Jayalalithaa termed the Centre’s move on use of Hindi as being ‘against letter and spirit’ of the law. She asked Modi to suitably modify the instructions to ensure that English was the language of communication on social media. She said in the letter that she had learnt that two office memoranda issued by home ministry ‘direct that official accounts on social media like Facebook, Twitter, blogs, Google and YouTube, which at present use only English, should compulsorily use Hindi, or both Hindi and English, with Hindi being written above or first.’ That makes the use of Hindi mandatory and English optional, she said in the letter.

‘As you are aware, as per the Official Languages Rules, 1976, communications from a central government office to a state or Union Territory in Region ‘C’ or to any office (not being a central government office) or person in such state shall be in English. This provision has been introduced following the introduction of a mandatory proviso in Section 3(1) of the Official Languages Act, 1963, by an amendment in 1968 which states (that), ‘English language shall be used for purposes of communication between the Union and a state which has not adopted Hindi as its official language,’ she pointed out.

Meanwhile, the BJP on Friday, sought to defend the government’s move to promote Hindi, by saying it seeks to bind the nation together and should not be construed as an ‘insult’ to English. ‘Hindi is the national language and is the heart of the country. Priority to Hindi cannot be (construed as) an insult to English. The government’s initiative for according priority to Hindi and regional languages is a welcome step,’ said BJP vice-president Mukhtar Abbas Naqvi.

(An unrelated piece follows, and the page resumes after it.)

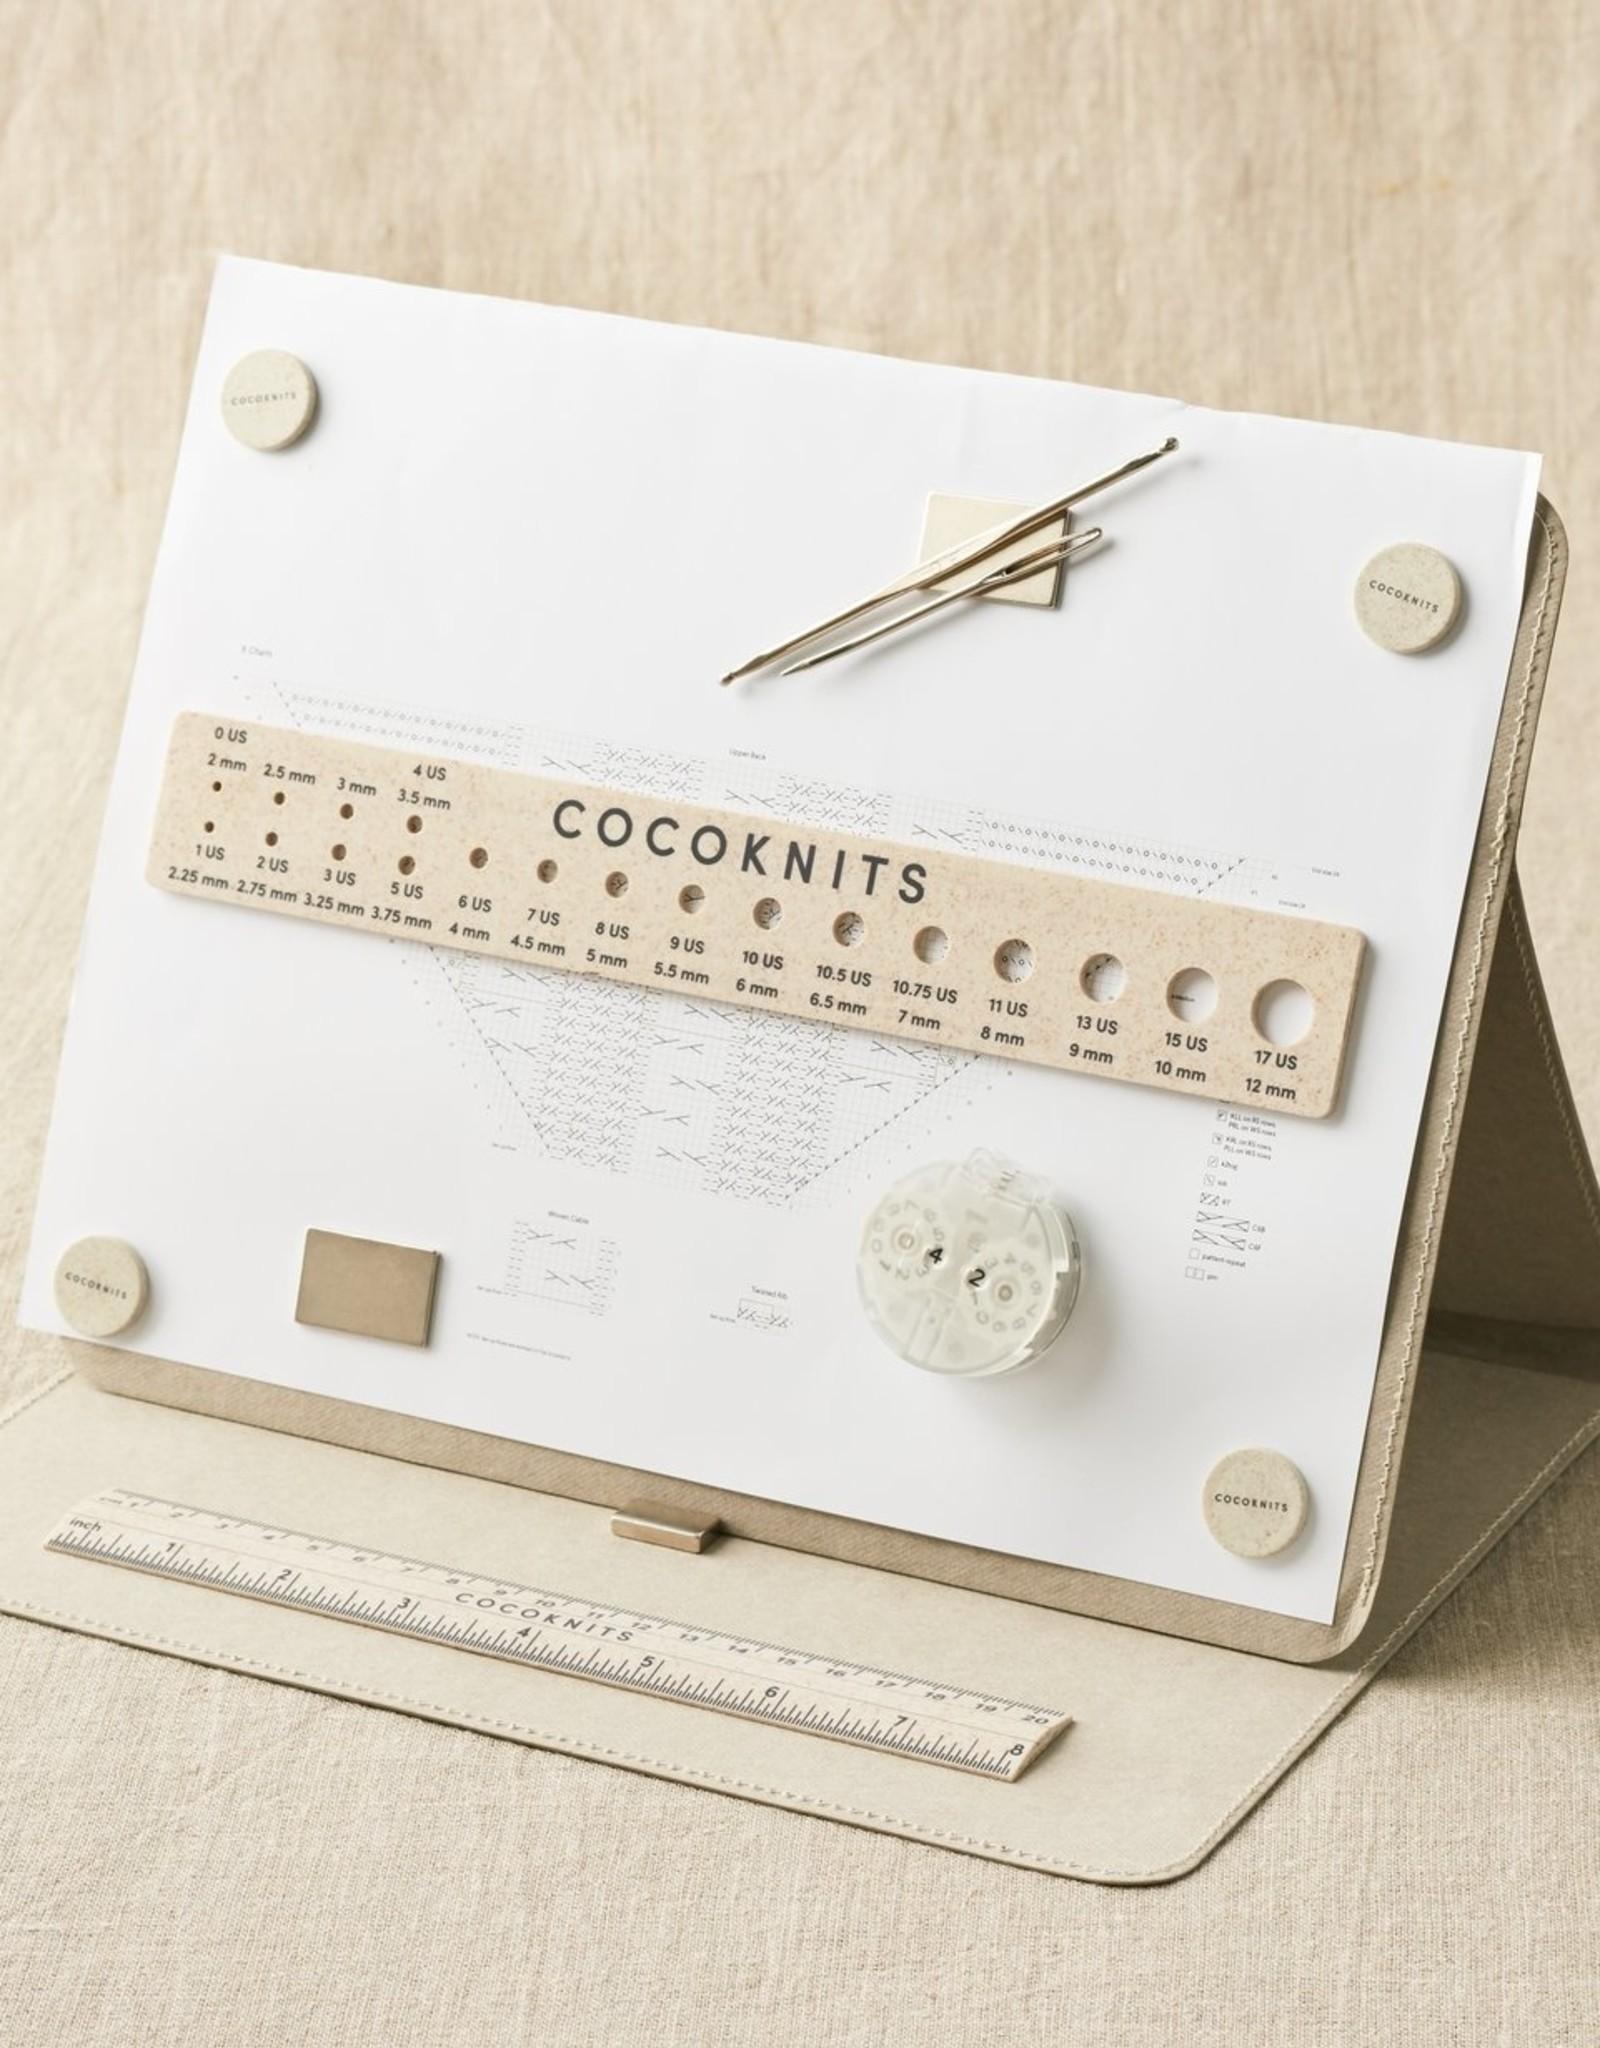 Cocoknits Cocoknits Maker's Board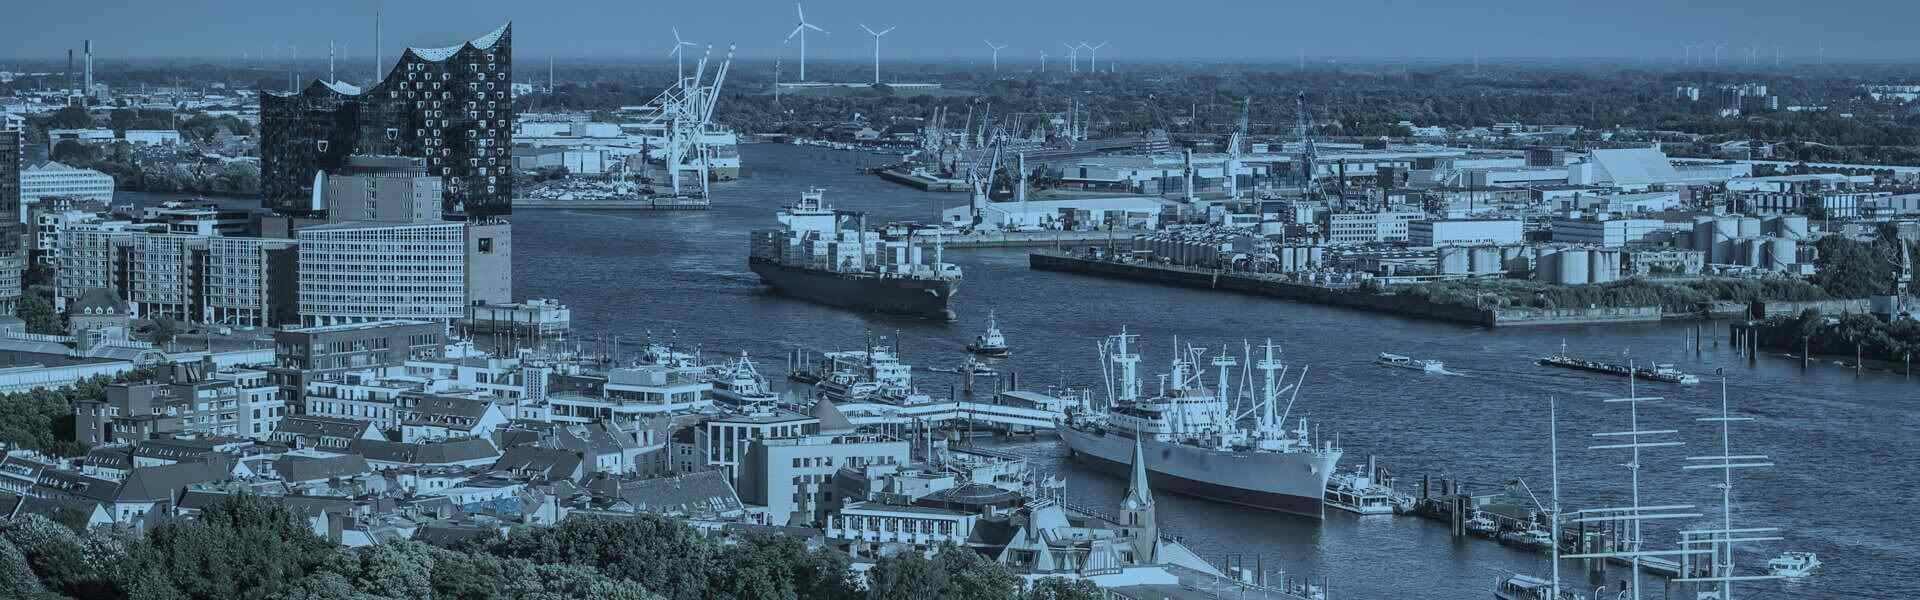 Aida Hafen Hamburg Fahrservice

He said Hindi is a mixture of different regional languages like Tamil, Telugu, Malayali, Gujarati, Bengali, Assamese, Urdu and other regional languages.

Congress on Friday attacked the government for directing officials to use Hindi in social media, warning that this will lead to a backlash in non-Hindi speaking states. ‘There will be a backlash in non-Hindi states, in particular in Tamil Nadu... The government is advised to proceed with caution,’ party leader P Chidambaram told the media in the capital.